Run Workloads With DRA Devices

Run workloads that request hardware devices managed by Kubernetes Dynamic Resource Allocation (DRA) with Kueue quota management.

This page shows you how to run workloads that request hardware devices (such as GPUs) managed by Dynamic Resource Allocation (DRA) in a Kubernetes cluster with Kueue enabled. The examples use a batch Job, but the same approach works with any workload type that Kueue supports.

The intended audience for this page are batch users.

For conceptual details about how Kueue handles DRA resources, see Dynamic Resource Allocation concepts.

Before you begin

Make sure the following conditions are met:

0. Identify the queues available in your namespace

Run the following command to list the LocalQueues available in your namespace.

kubectl -n default get localqueues

The output is similar to the following:

NAME         CLUSTERQUEUE    PENDING WORKLOADS
user-queue   cluster-queue   0

The ClusterQueue defines the quotas for the Queue.

1. Define the workload

Running a workload with DRA devices is similar to running a regular Job. You must set the kueue.x-k8s.io/queue-name label to select the LocalQueue you want to submit the workload to.

There are two ways to request DRA devices, depending on how your administrator has configured the cluster. Choose the approach that matches your setup.

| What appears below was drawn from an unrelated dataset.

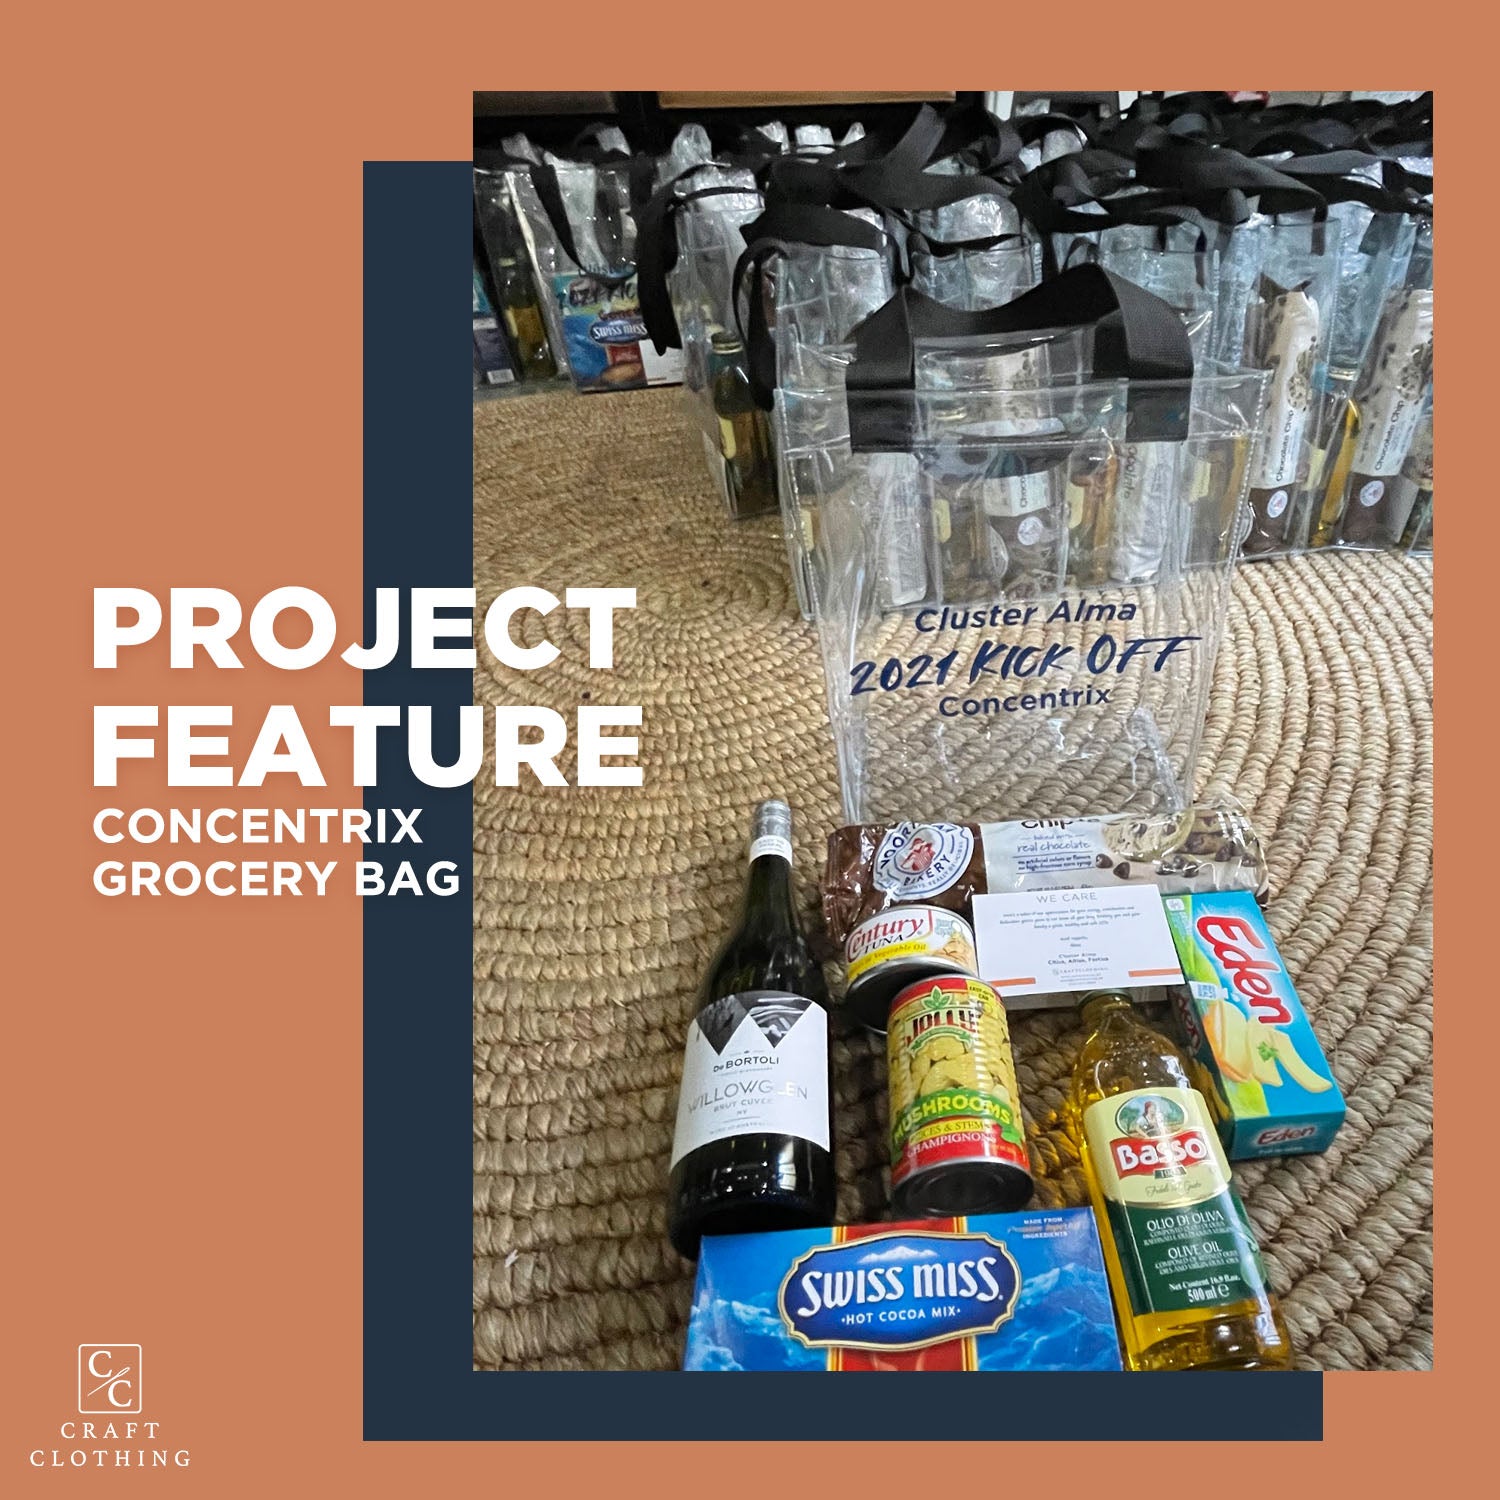 Project Feature: Concentrix Grocery Bag

Using a ResourceClaimTemplate

Use this approach when you need to explicitly describe the device you want. Create a ResourceClaimTemplate and reference it from the workload:

apiVersion: resource.k8s.io/v1
kind: ResourceClaimTemplate
metadata:
  namespace: default
  name: single-gpu
spec:
  spec:
    devices:
      requests:
      - name: gpu
        exactly:
          deviceClassName: gpu.example.com
---
apiVersion: batch/v1
kind: Job
metadata:
  generateName: sample-dra-rct-job-
  namespace: default
  labels:
    kueue.x-k8s.io/queue-name: user-queue
spec:
  template:
    spec:
      containers:
      - name: dummy-job
        image: registry.k8s.io/e2e-test-images/agnhost:2.53
        args: ["pause"]
        resources:
          claims:
          - name: gpu
          requests:
            cpu: "1"
            memory: "200Mi"
      resourceClaims:
      - name: gpu
        resourceClaimTemplateName: single-gpu
      restartPolicy: Never

Using extended resources

Use this approach when a DeviceClass with spec.extendedResourceName exists in the cluster. You request devices using the standard resources.requests syntax, just like CPU or memory. No ResourceClaimTemplate is needed:

apiVersion: batch/v1
kind: Job
metadata:
  generateName: sample-dra-extended-job-
  namespace: default
  labels:
    kueue.x-k8s.io/queue-name: user-queue
spec:
  template:
    spec:
      containers:
      - name: dummy-job
        image: registry.k8s.io/e2e-test-images/agnhost:2.53
        args: ["pause"]
        resources:
          requests:
            cpu: "1"
            memory: "200Mi"
            example.com/gpu: "1"
          limits:
            example.com/gpu: "1"
      restartPolicy: Never

If you are not sure which approach to use, ask your administrator.

2. Run the workload

You can run the workload with the following command.

For a ResourceClaimTemplate-based workload:

kubectl create -f https://kueue.sigs.k8s.io/examples/dra/sample-dra-rct-job.yaml

For an extended resource-based workload:

kubectl create -f https://kueue.sigs.k8s.io/examples/dra/sample-dra-extended-resource-job.yaml

Internally, Kueue will create a corresponding Workload for this Job.

3. (Optional) Monitor the status of the workload

You can see the Workload status with the following command:

kubectl -n default get workloads.kueue.x-k8s.io

To check whether the workload was admitted and see the DRA resource accounting:

kubectl -n default describe workload <workload-name>

Look at the Conditions section for admission status and the Events section for details. If the workload was admitted, you can verify the resources charged for quota in the status.admission.podSetAssignments[].resourceUsage field:

kubectl -n default get workloads.kueue.x-k8s.io <workload-name> -o yaml

Troubleshooting

Workload not admitted

If the Workload stays in Pending state:

  • Verify the ClusterQueue has quota for the DRA resource and it is not fully consumed by other workloads.
  • Run kubectl -n default describe workload <workload-name> and look at the Events section for admission rejection reasons.

Double counting (extended resource path)

If quota usage shows double the expected value (e.g., 2 instead of 1 for a single GPU), the DRAExtendedResources feature gate may not be enabled. Ask your administrator to verify the DRA setup.

Missing DeviceClass

For the extended resource path, the DeviceClass must exist before you submit your workload. If it was created after your workload was rejected, the workload may not be re-evaluated until another cluster event triggers requeuing. Delete and re-create the workload to force re-evaluation.

For general troubleshooting, see the troubleshooting guide.